▶ _TASK PROMPT_
A word-for-word copy of the lines below, starting at the line with "Yamaha Logo White Background PNG" and ending at the last one, is what you should give. Omit every picture.

▶ _PROVIDED DATA_
-=-=-=-=-

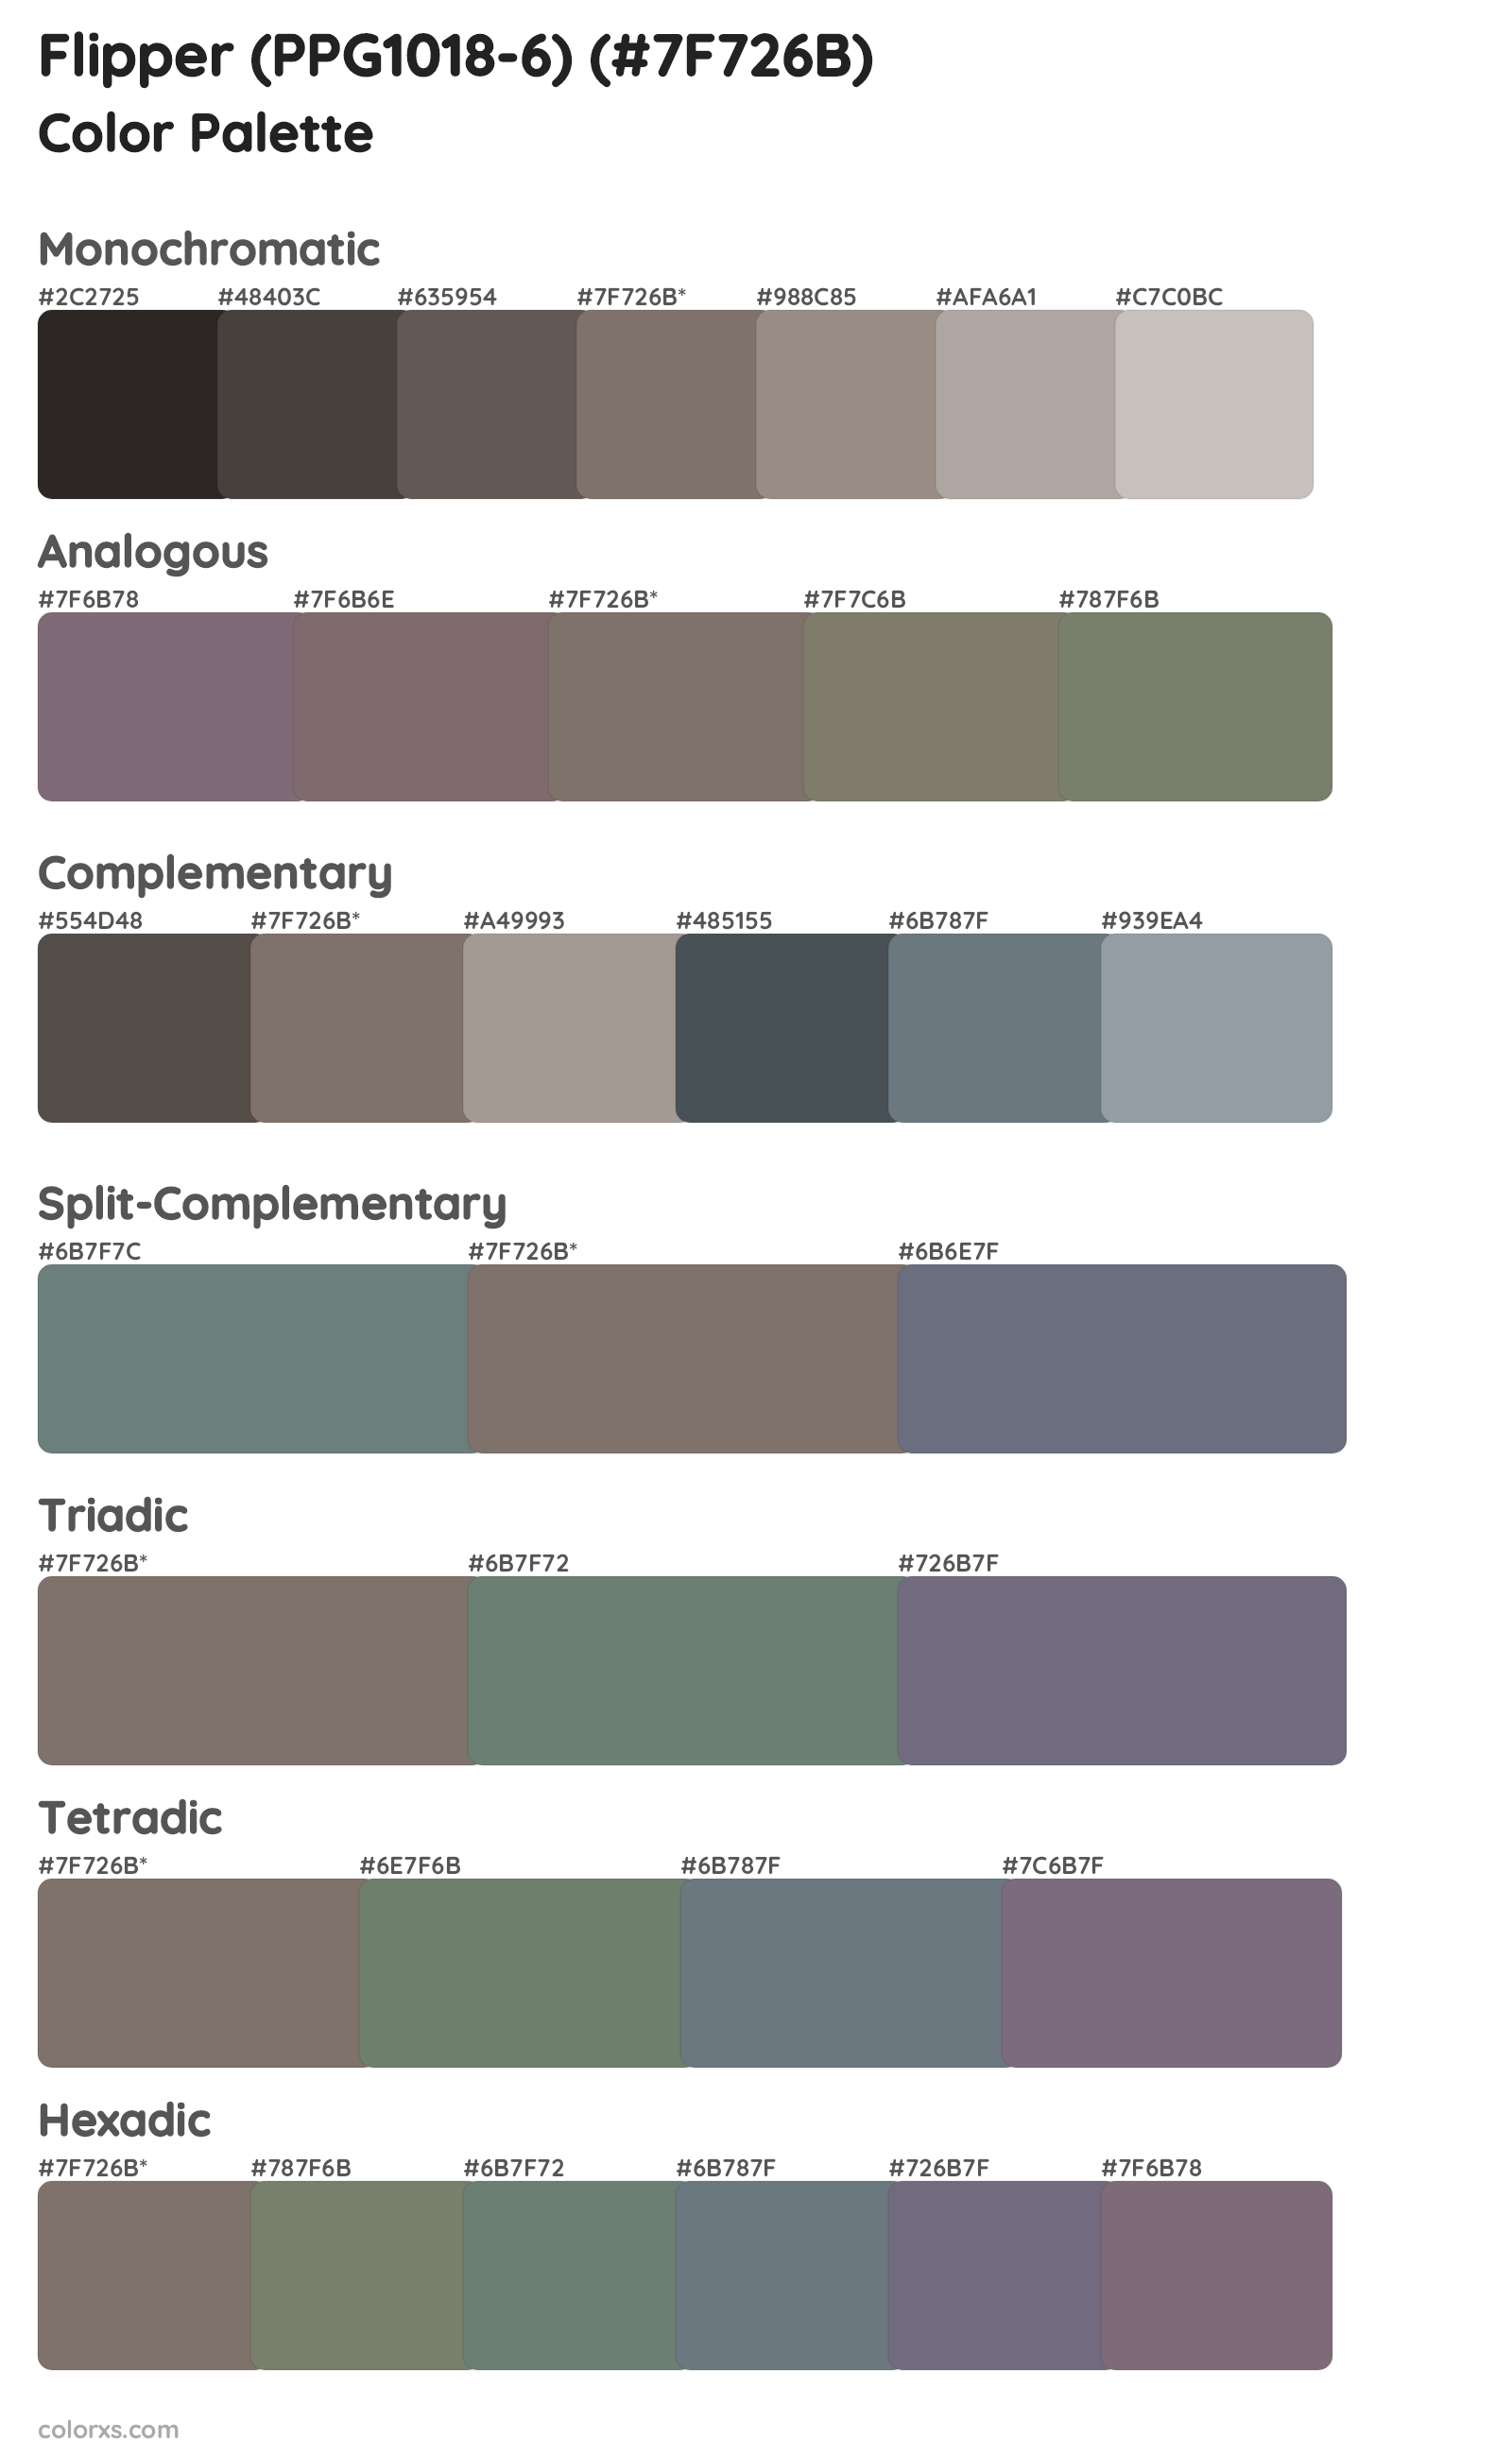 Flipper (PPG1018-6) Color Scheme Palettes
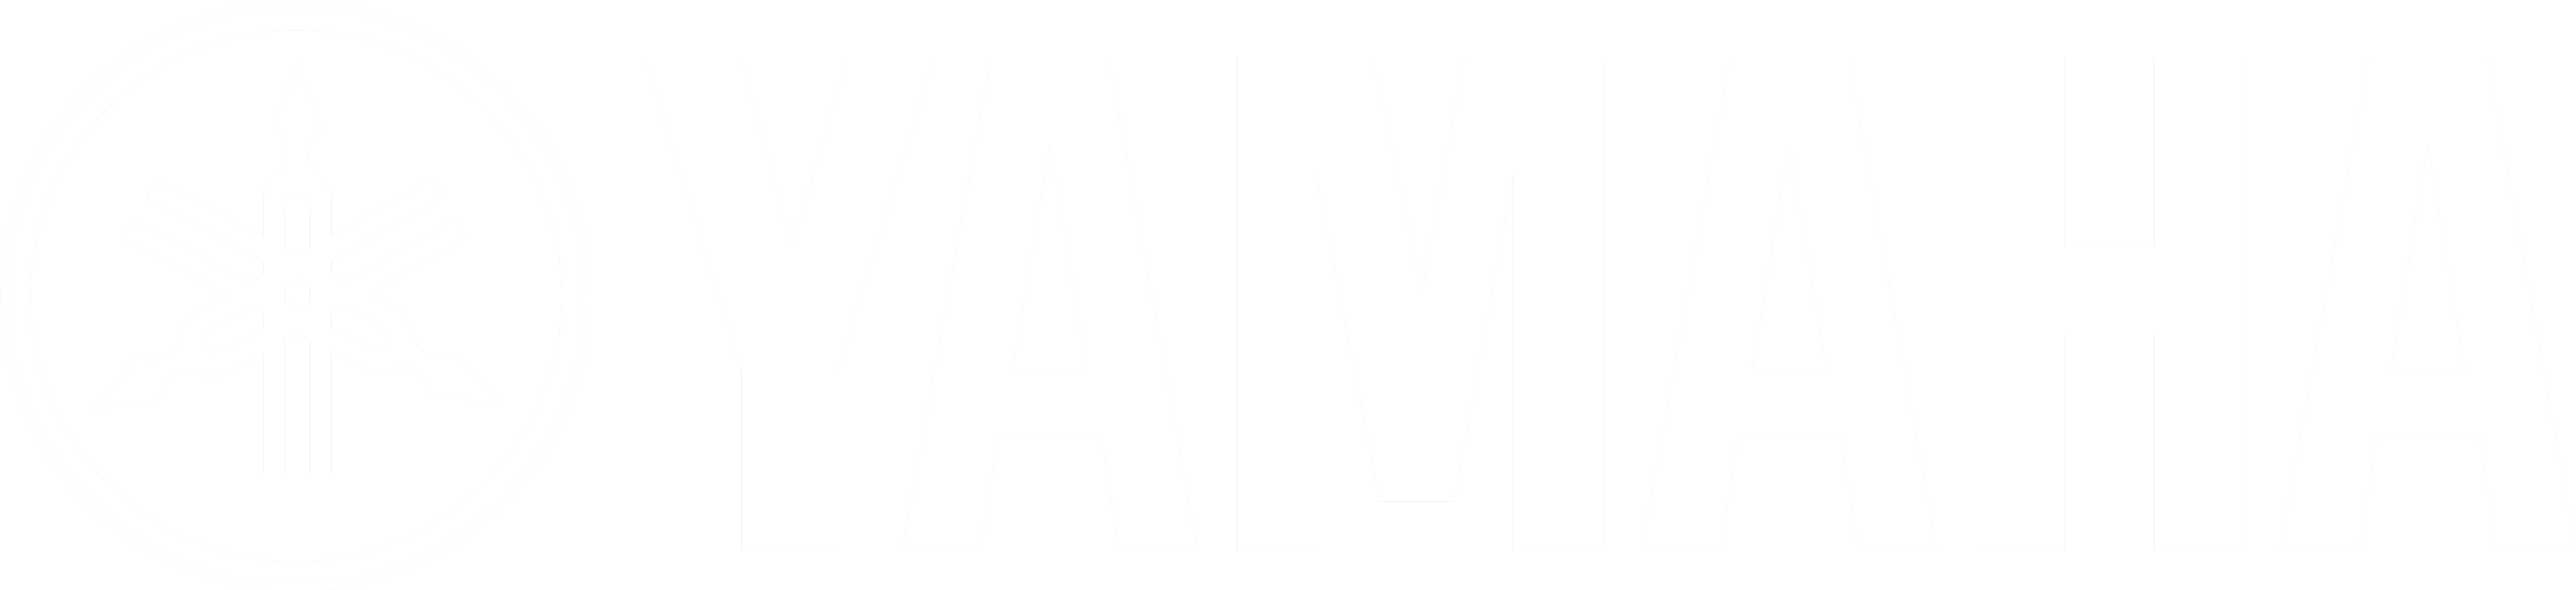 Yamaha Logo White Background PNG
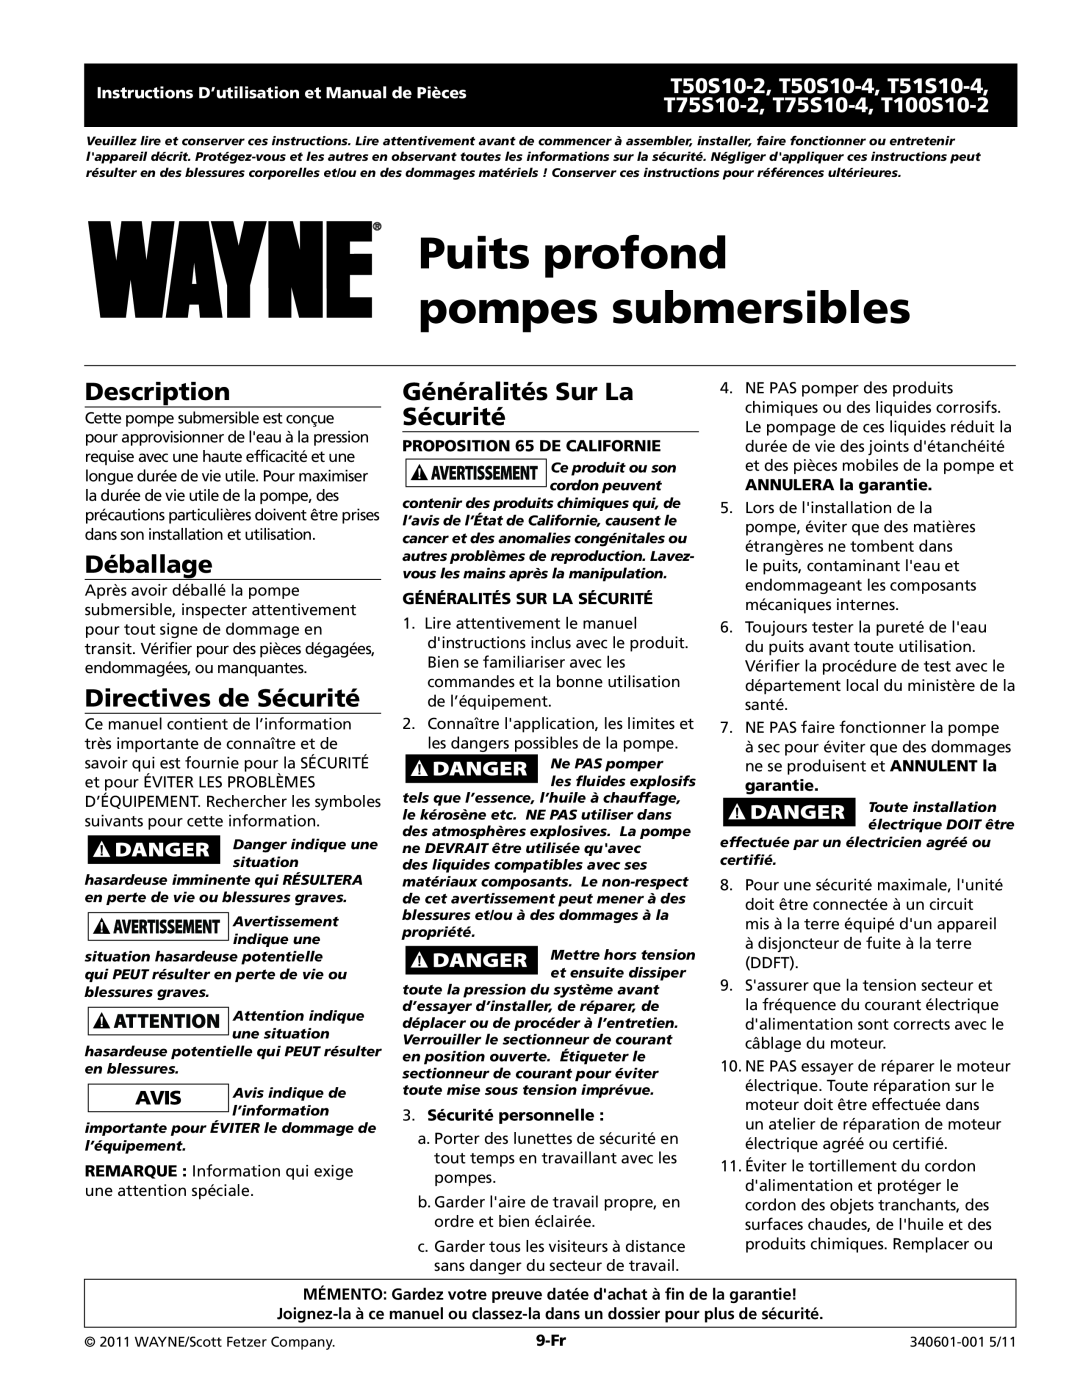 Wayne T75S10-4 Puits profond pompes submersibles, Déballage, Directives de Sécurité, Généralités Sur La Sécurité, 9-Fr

-=-=-=-=-

▶ _SOLUTION TO THIS EXERCISE_
 Yamaha Logo White Background PNG
 Wayne T75S10-4 Puits profond pompes submersibles, Déballage, Directives de Sécurité, Généralités Sur La Sécurité, 9-Fr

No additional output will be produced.